Date of Award

5-2019

Document Type

Thesis campus only

Department

Chemistry

First Advisor

Adam R. Urbach

Abstract

Chemists have long attempted to prepare synthetic receptors (SRs) that can bind natural targets with the high affinities and fidelities that antibodies bind antigens. This work describes the molecular recognition of methionine-terminated peptides by the SR cucurbit[8]uril (Q8) in aqueous solution with sub-micromolar affinity. Prior work established that Q8 binds with high affinity to peptides containing N-terminal aromatic amino acids, either by the simultaneous binding of two aromatic residues, one from each of two different peptides, or by the simultaneous binding of an aromatic residue and its immediate neighbor on the same peptide. The additional binding interface of two neighboring residues suggested the possibility of targeting nonaromatic peptides, which have thus far bound only weakly to SRs. A peptide library designed to test this hypothesis was synthesized and screened qualitatively for Q8 binding using a fluorescent indicator displacement assay. Additionally, the same peptide library was screened for binding to the acyclic cucurbit[n]uril-type receptors Zhang1 and Motor2, which have gained recent interest in solubilizing pharmaceutical drugs, but have not been fundamentally studied in peptide recognition. Although multiple peptides were found to potentially bind Zhang1 and Motor2, the screen results for Q8 prompted immediate follow up.
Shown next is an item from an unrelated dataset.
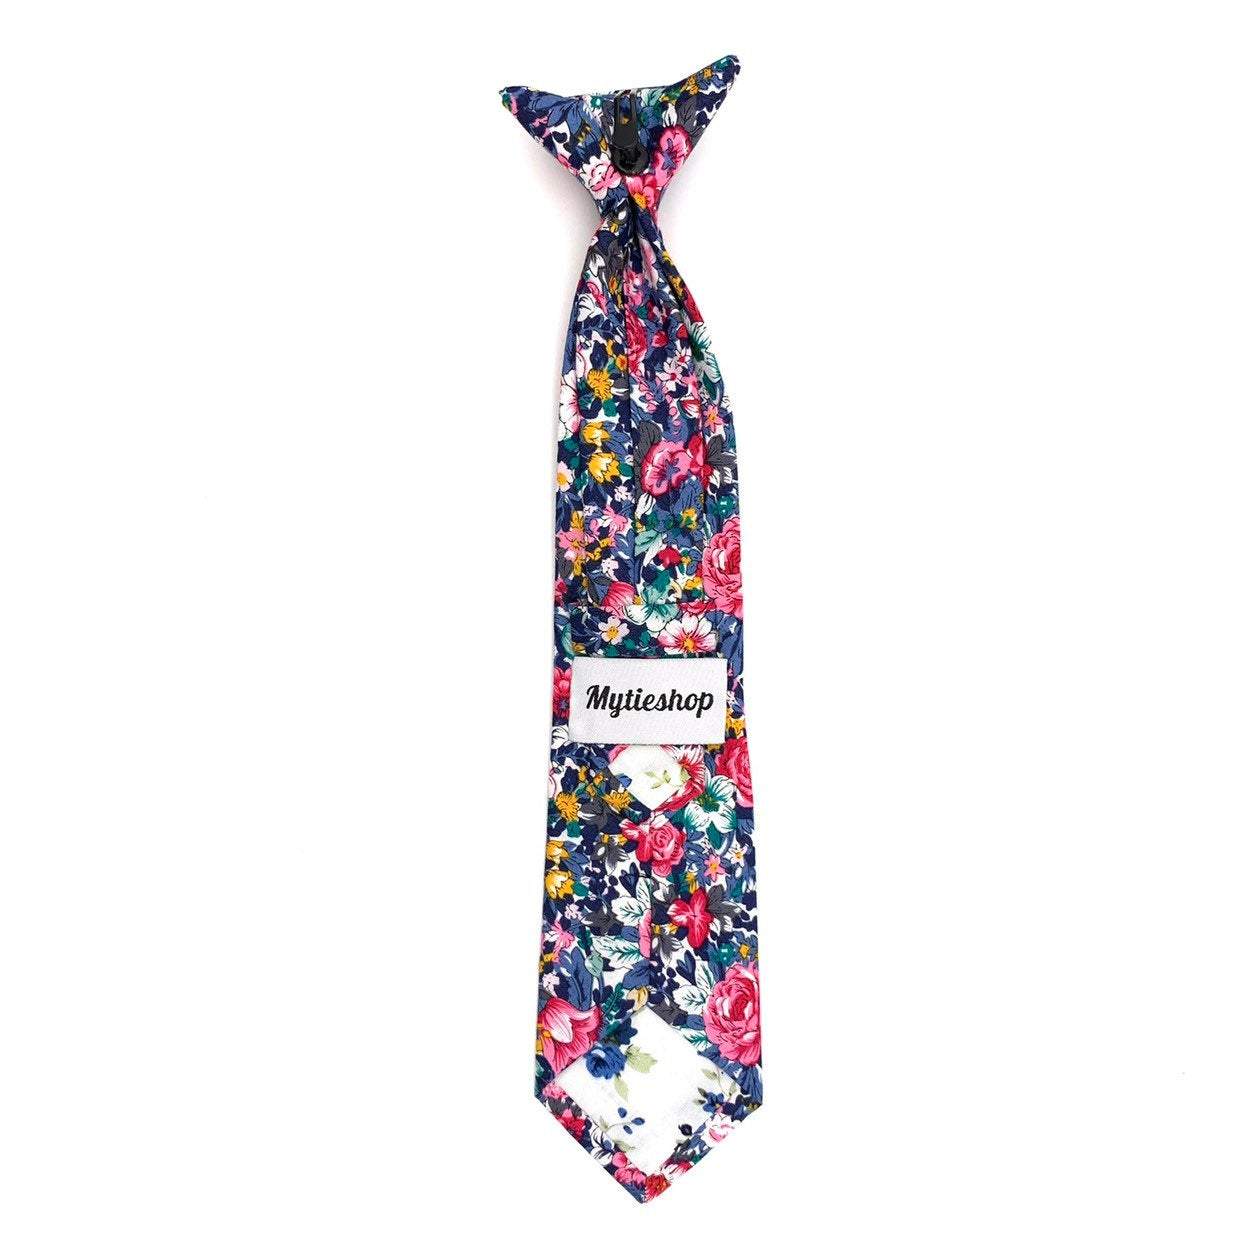 Pink Boys Floral Clip On Tie 2.3&quot; ROBERT MYTIESHOP-Material:Cotton Blend Approx Size: Max width: 6.5 cm / 2.4 inches 9-24 months 26 CM2-5 years 31 CM9-11 Years 43 CM Great for: Groom Groomsmen Wedding Shoots Formal Prom Fancy Parties Gifts and presents-Mytieshop
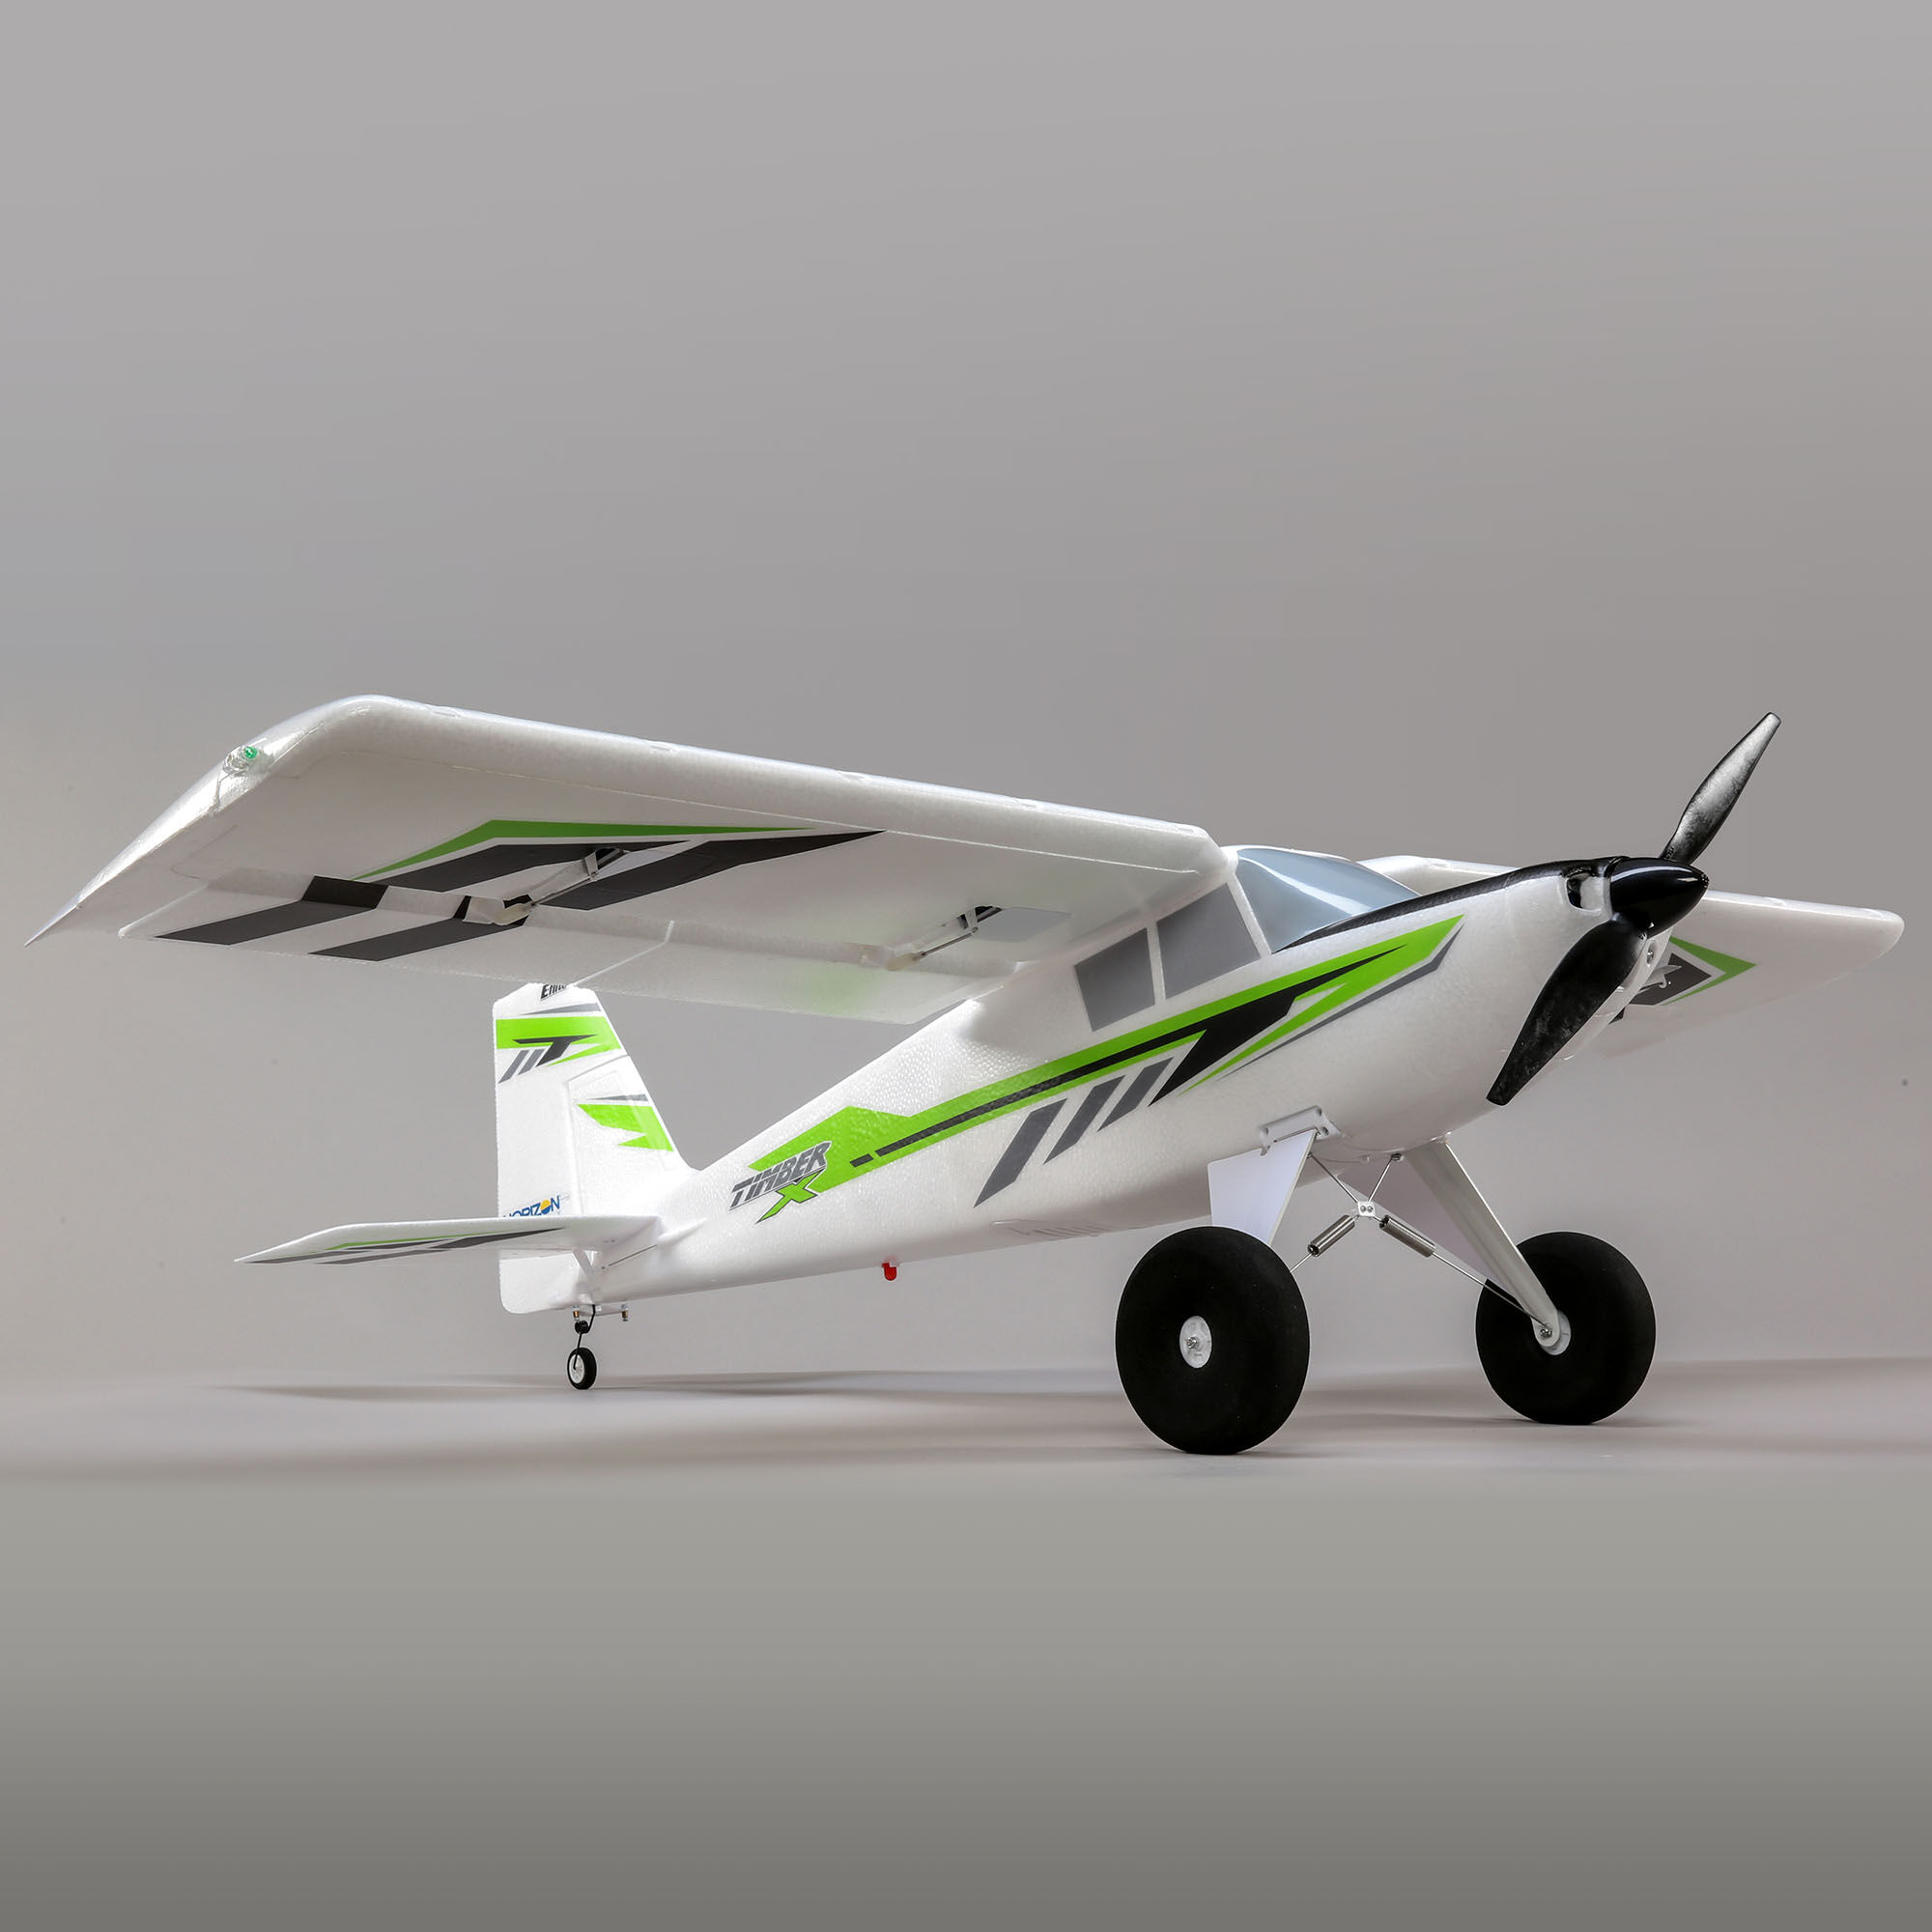 E-flite Timber X 1.2m BNF Basic with

The large fluorescence response observed for several Met-terminated peptides suggested strong binding to Q8 and was confirmed quantitatively using isothermal titration calorimetry (ITC). The discovery of high affinity binding to Met-terminated peptides and, more generally, to non-aromatic peptides prompted a detailed investigation of the determinants of binding in this system using ITC, ESI-TOF-MS, and 1H NMR spectroscopy for 25 purified peptides. The studies establish the sequence determinants required for high-affinity binding of Met-terminated peptides and demonstrate that cucurbit[n]uril-mediated peptide recognition does not require an aromatic residue for high affinity. These results, combined with the known ability of cucurbit[n]urils to target N-termini and disordered loops in folded proteins, suggest that Q8 could be used to target Met-terminated proteins. In order to test this hypothesis, we are now engineering minimal affinity tags on human carbonic anhydrase-II (HCA). In our cloning and expression strategy, HCA is designed to contain an N-terminal purification tag followed by an intein sequence, which cleaves itself after purification to leave an exposed, N-terminal Q8 binding site. This work describes the successful cloning of the HCA gene into the inteincontaining plasmid. Expression of the recombinant HCA proteins is now underway and binding studies with Q8 will be pursued.